# DATA SEGMENT
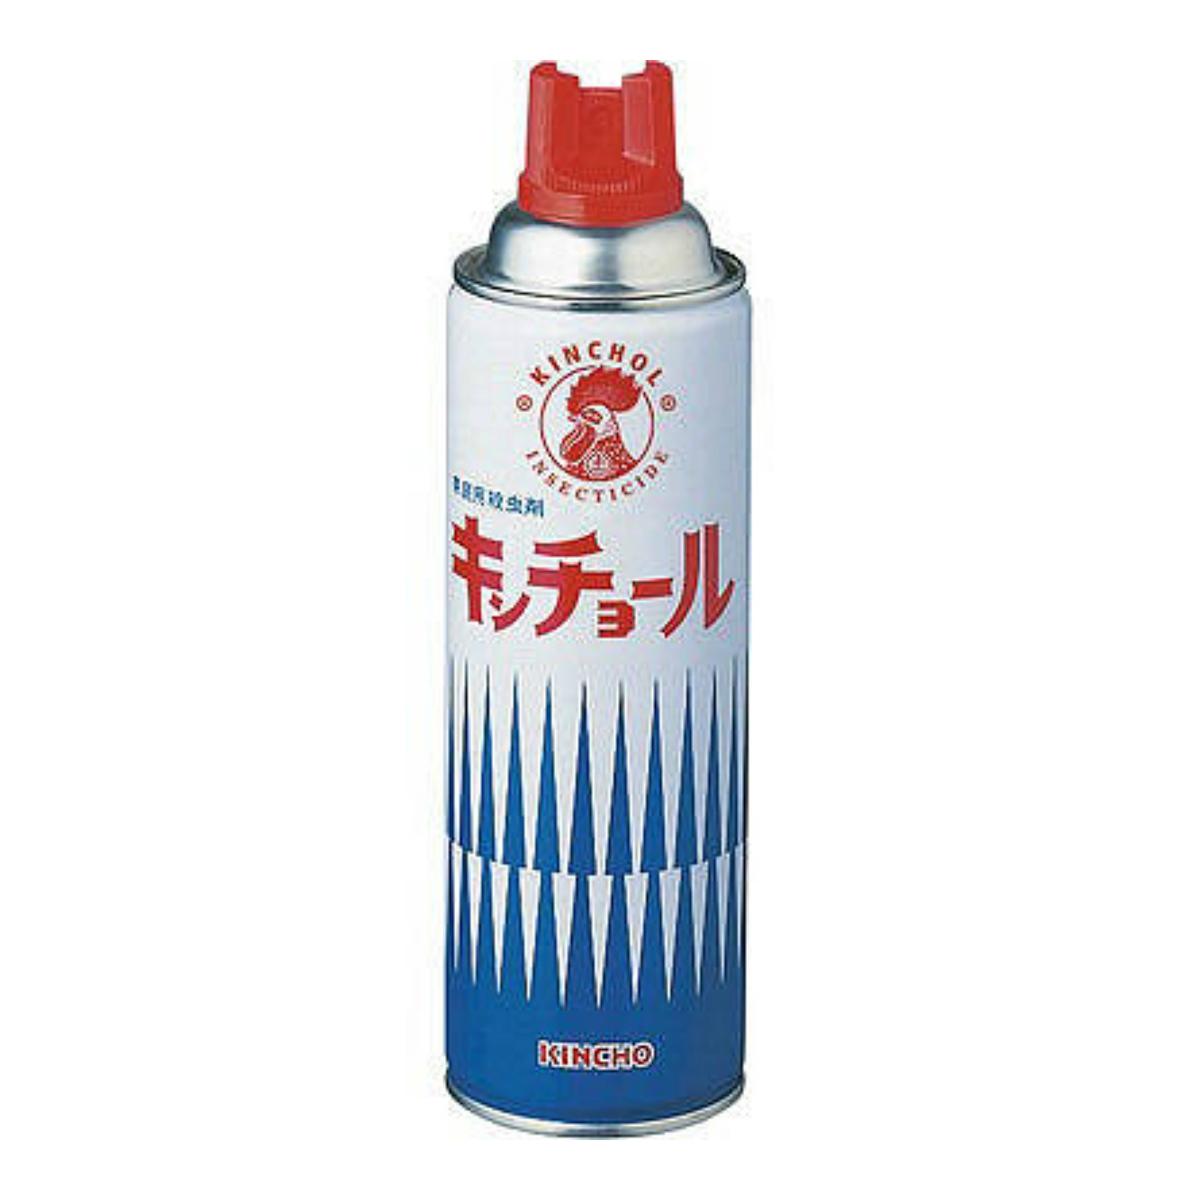 【送料無料】大日本除虫菊 キンチョール K 300ml ( 金鳥 ) ×30点セット まとめ買い特価!ケース販売 ( 4987115101036 )
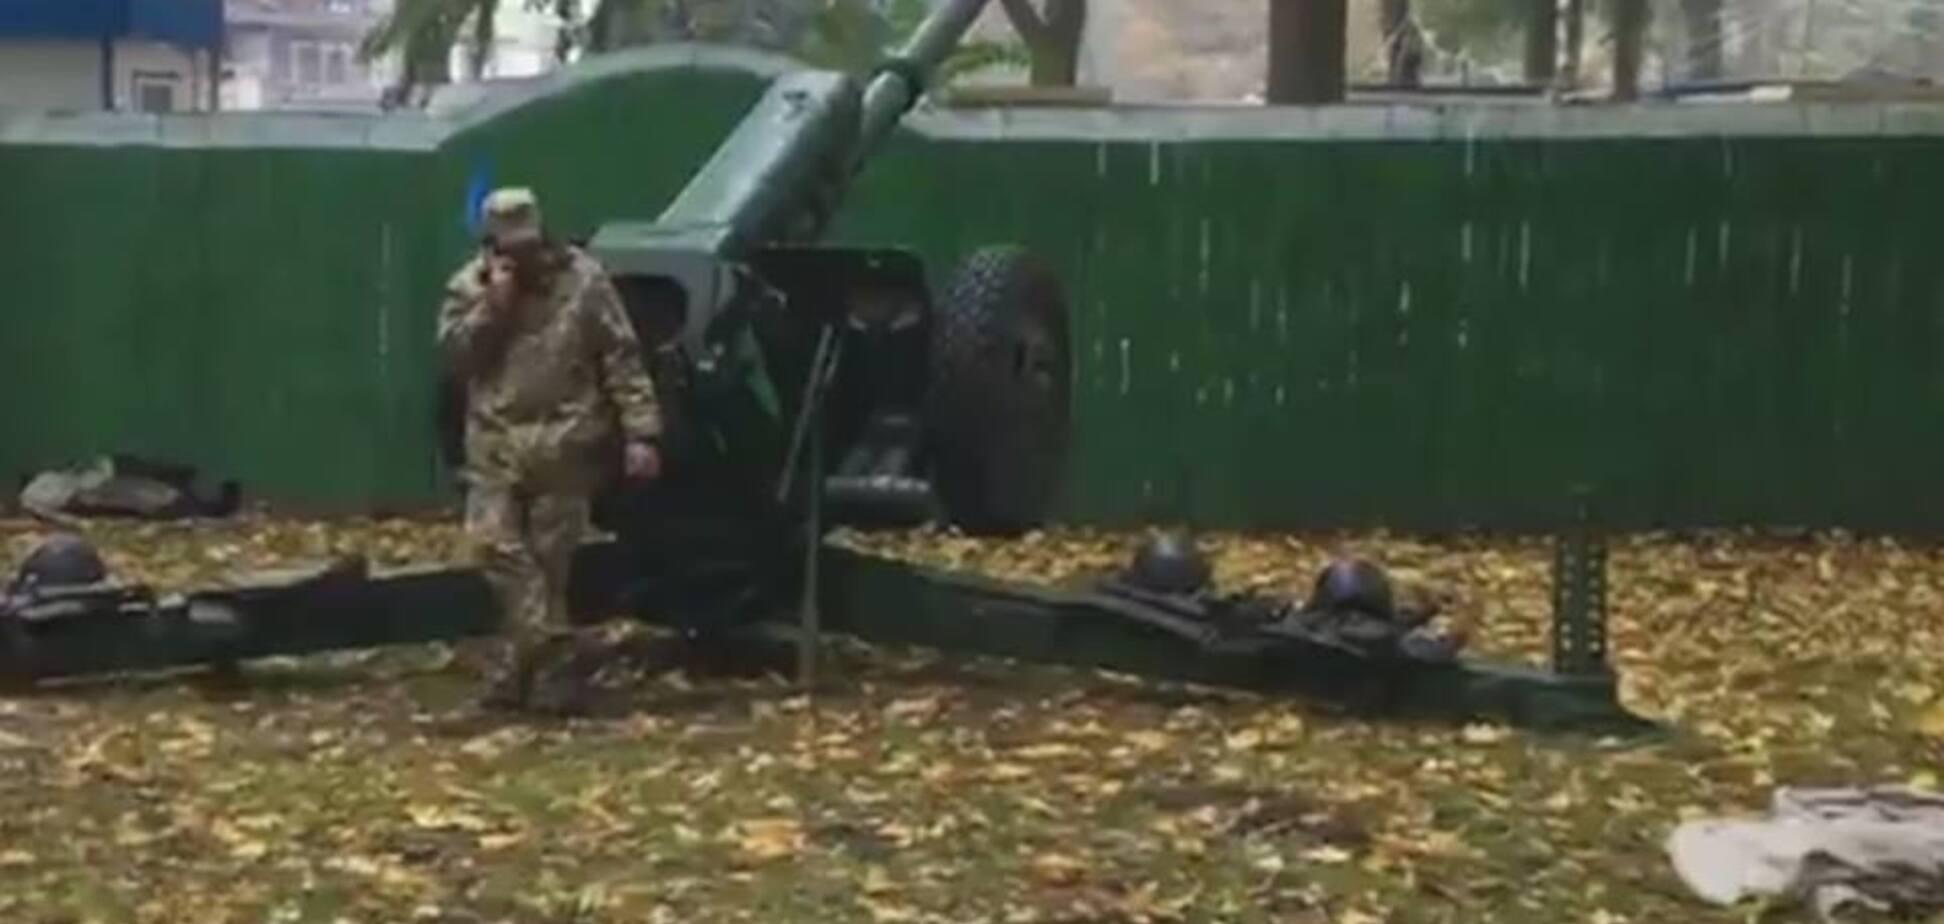 Киевляне встревожились из-за пушек под Верховной Радой: фотофакт
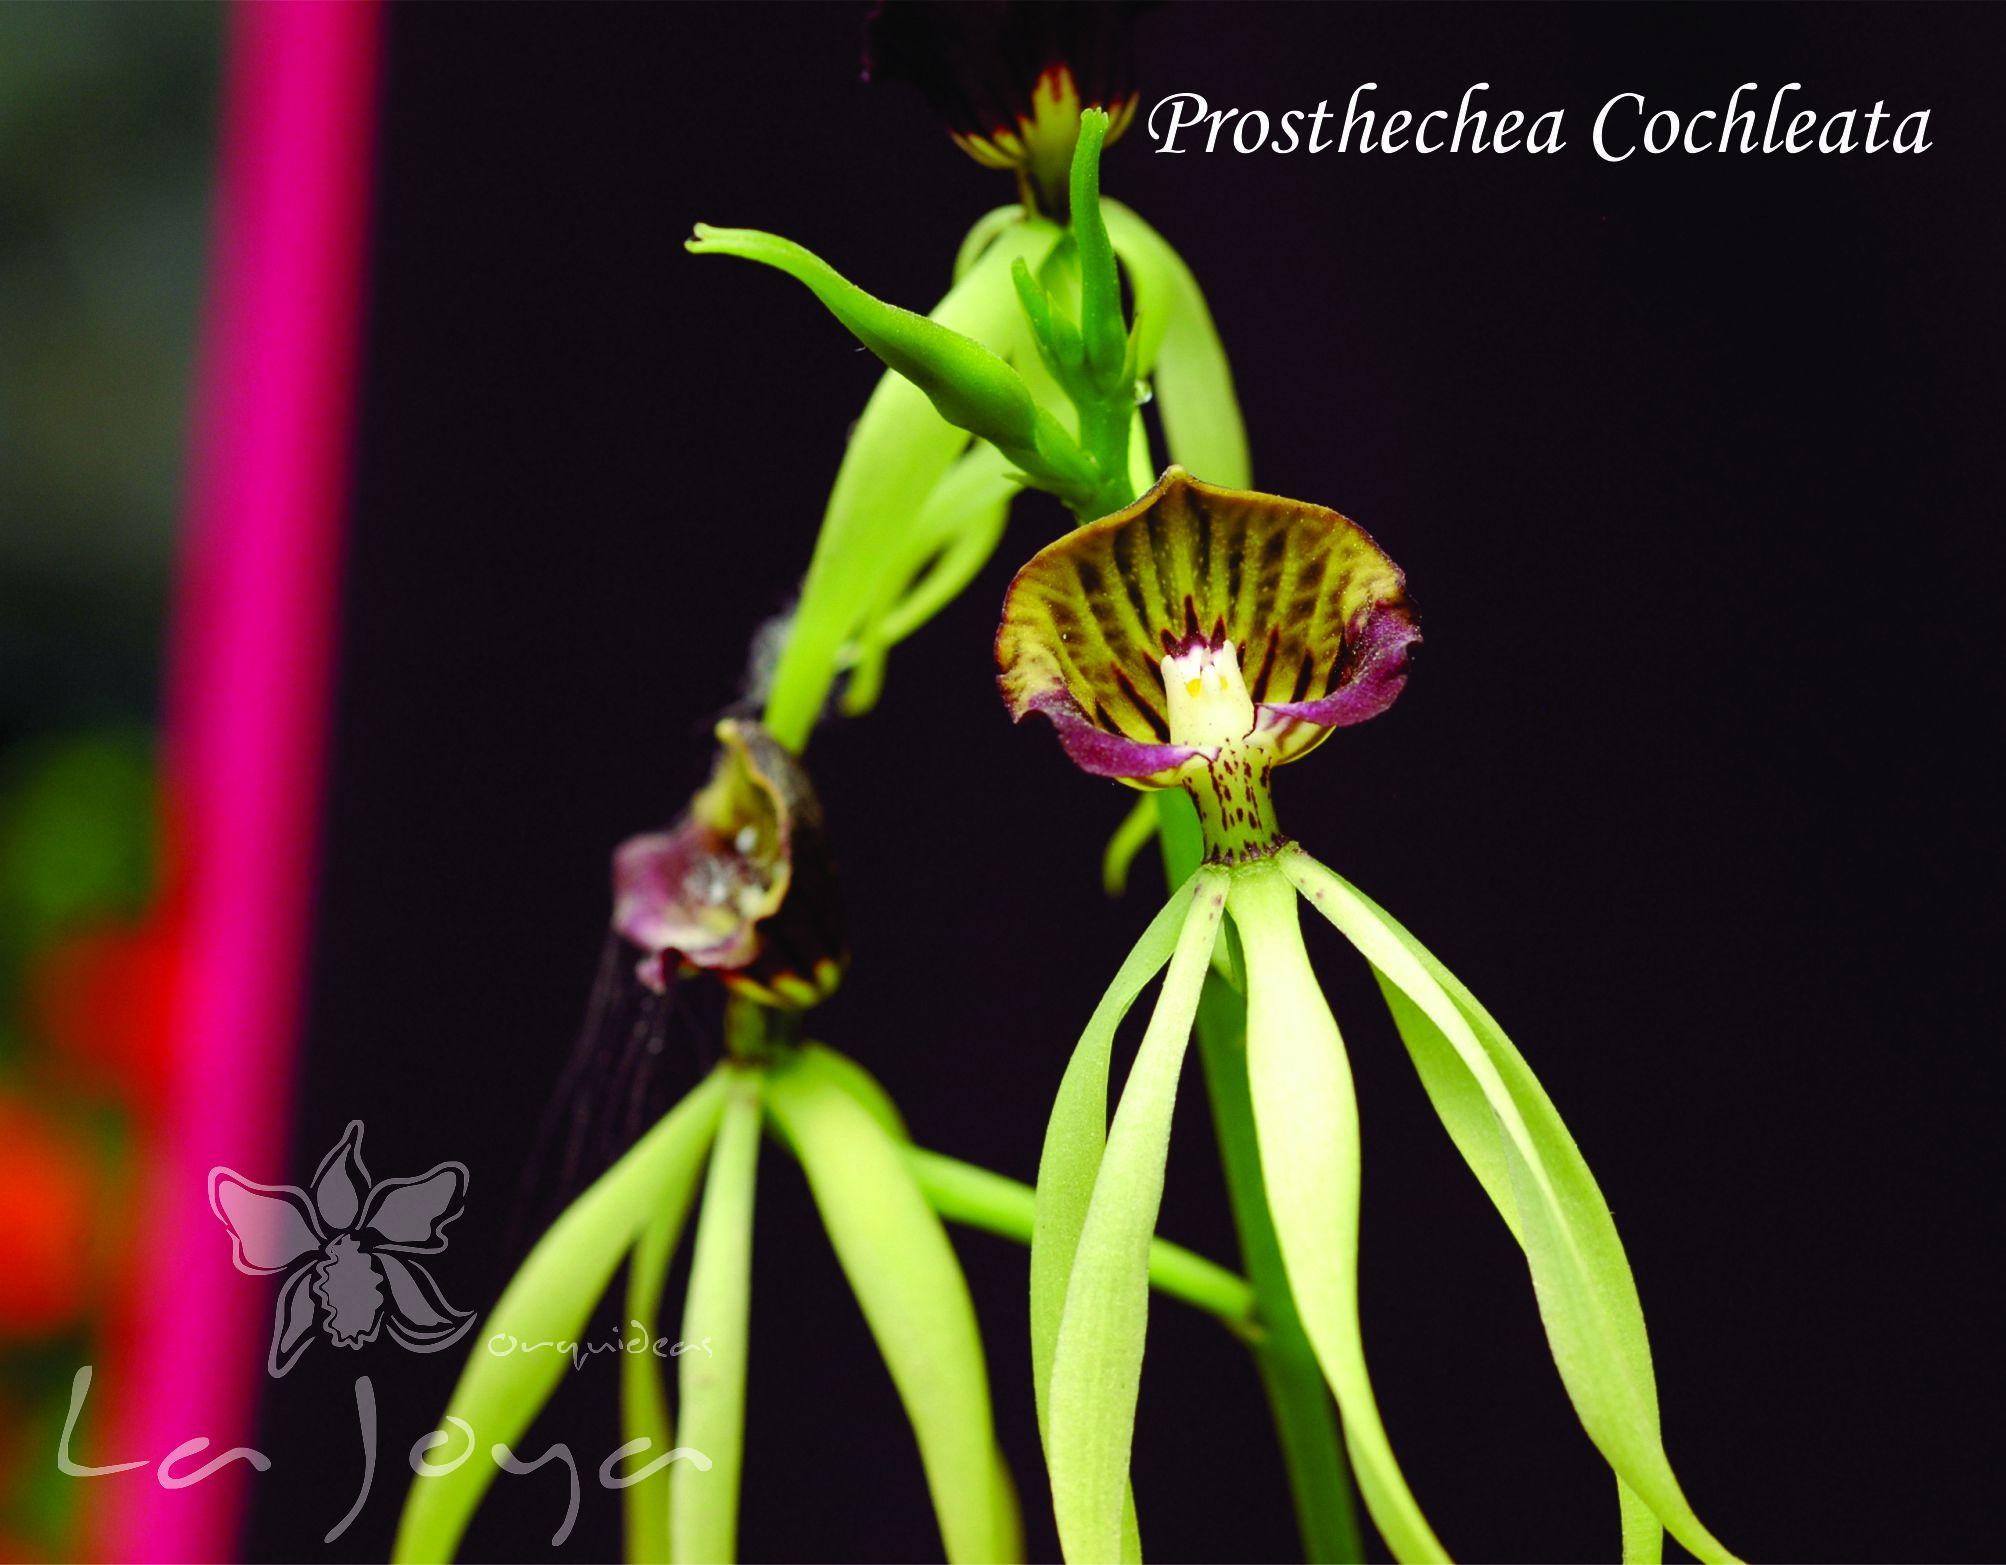 Prostechea Cochleata

# WHAT THE TASK REQUIRES
A word-for-word restatement of all the lines above is needed, with the pictures omitted.

# RESULT OF THE EXERCISE
 【送料無料】大日本除虫菊 キンチョール K 300ml ( 金鳥 ) ×30点セット まとめ買い特価!ケース販売 ( 4987115101036 )
 Киевляне встревожились из-за пушек под Верховной Радой: фотофакт
 Prostechea Cochleata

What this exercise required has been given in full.